About 12 years later, Wikipedia contains 25 million encyclopedia articles written in Wikitext, but the world around it has changed a bit. Wikitext makes it very difficult to implement visual editing, which is now supported in browsers for HTML documents, and expected by web users from many other sites they are familiar with. It has also become a speed issue: With a lot of new features, the conversion from Wikitext to HTML can be very slow. For large Wikipedia pages, it can take up to 40 seconds to render a new version after the edit has been saved.

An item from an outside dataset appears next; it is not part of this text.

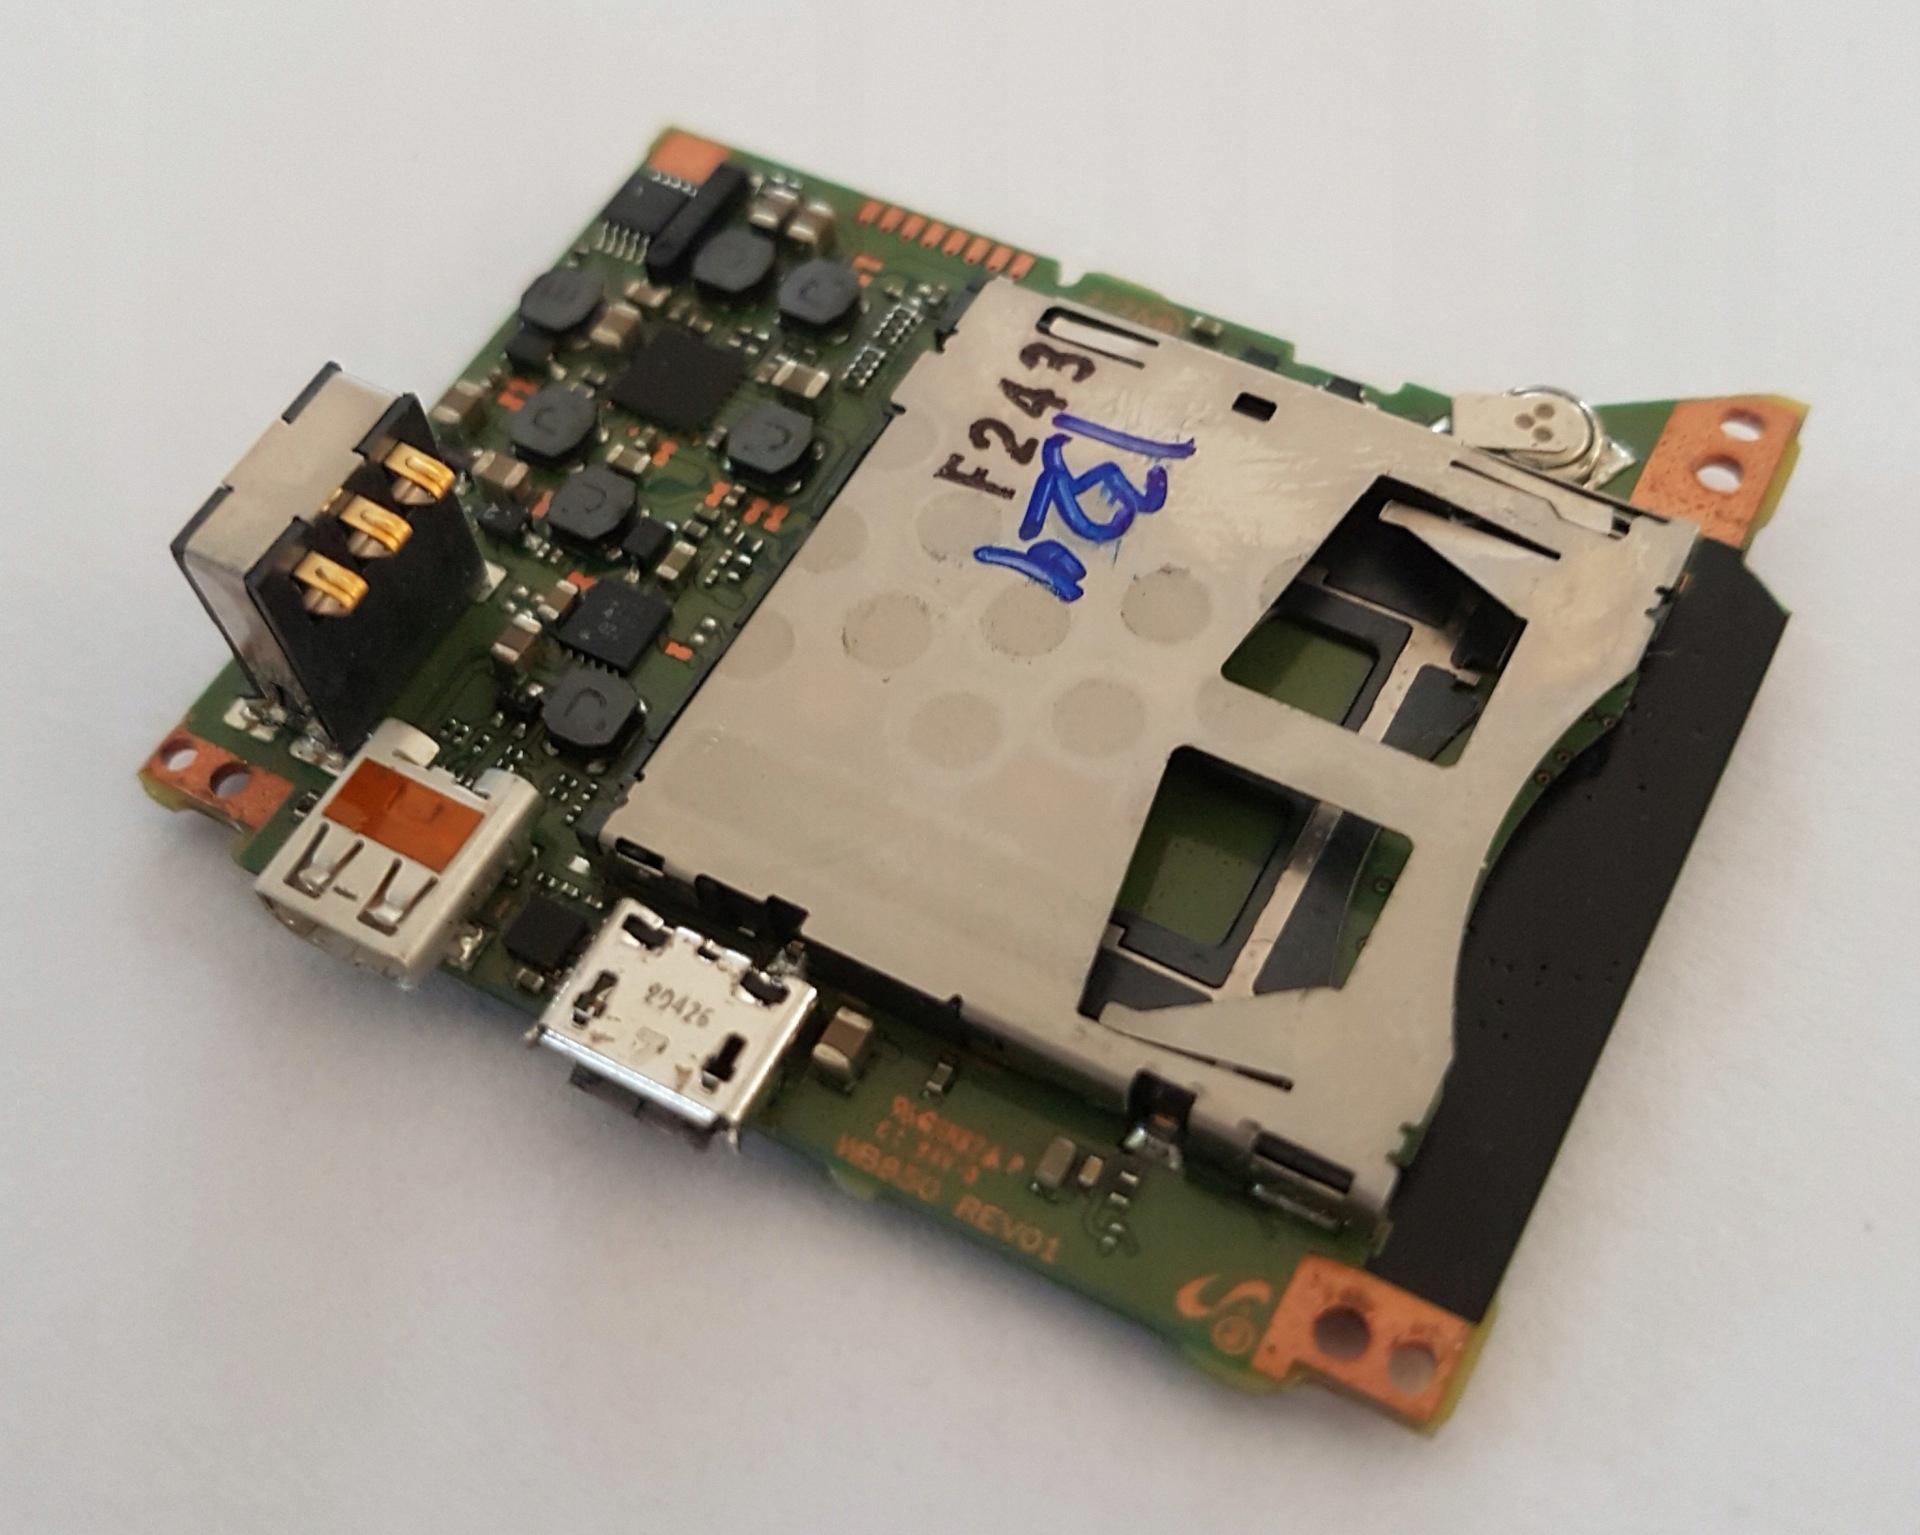 Płyta Główna Samsung WB850F Wi-Fi GPS Full HD 21x

The Wikimedia Foundation’s Parsoid project is working on these issues by complementing existing Wikitext with an equivalent HTML5 version of the content. In the short term, this HTML representation lets us use HTML technology for visual editing. In the longer term, using HTML as the storage format can eliminate conversion overhead when rendering pages, and can also enable more efficient updates after an edit that only affect part of the page. This might all sound pretty straightforward. So why has this not been done before?

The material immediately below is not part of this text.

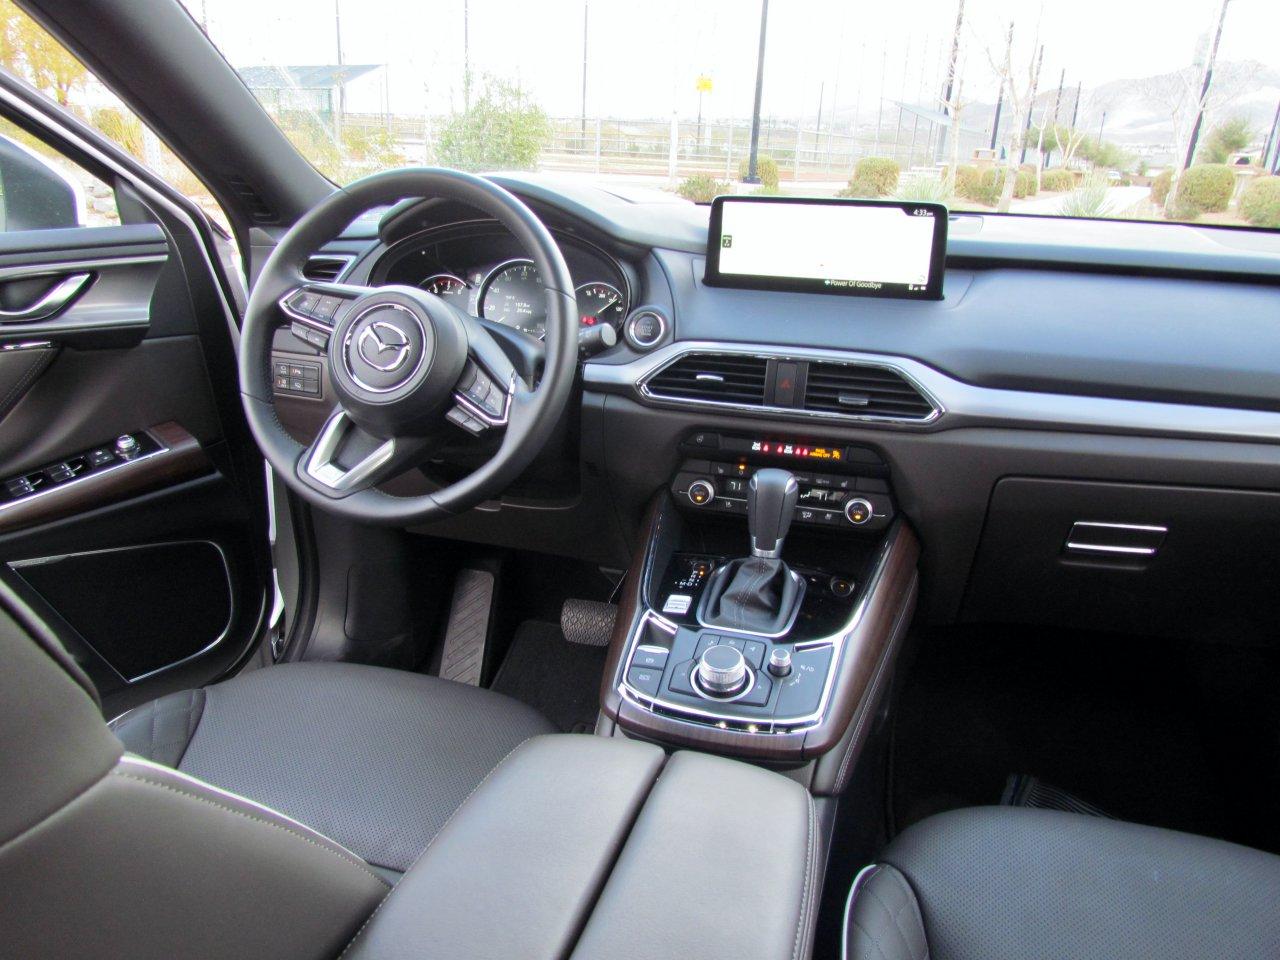 http://journal.classiccars.com/

Lossless conversion between Wikitext and HTML is really difficult

For the Wikitext and HTML5 representations to be considered equivalent, it should be possible to convert between Wikitext and HTML5 representations without introducing any semantic differences. It turns out that the ad-hoc structure of Wikitext makes such a lossless conversion to HTML and back extremely difficult.

In Wikitext, italic text is enclosed in double apostrophes (”…”), and bold text in triple apostrophes (”’…”’), but here these notations clash. The interpretation of a sequence of three or more apostrophes depends on other apostrophe-sequences seen on that line.
Center: Wikitext source. Below: As interpreted and rendered by MediaWiki. Above: Alternative interpretation.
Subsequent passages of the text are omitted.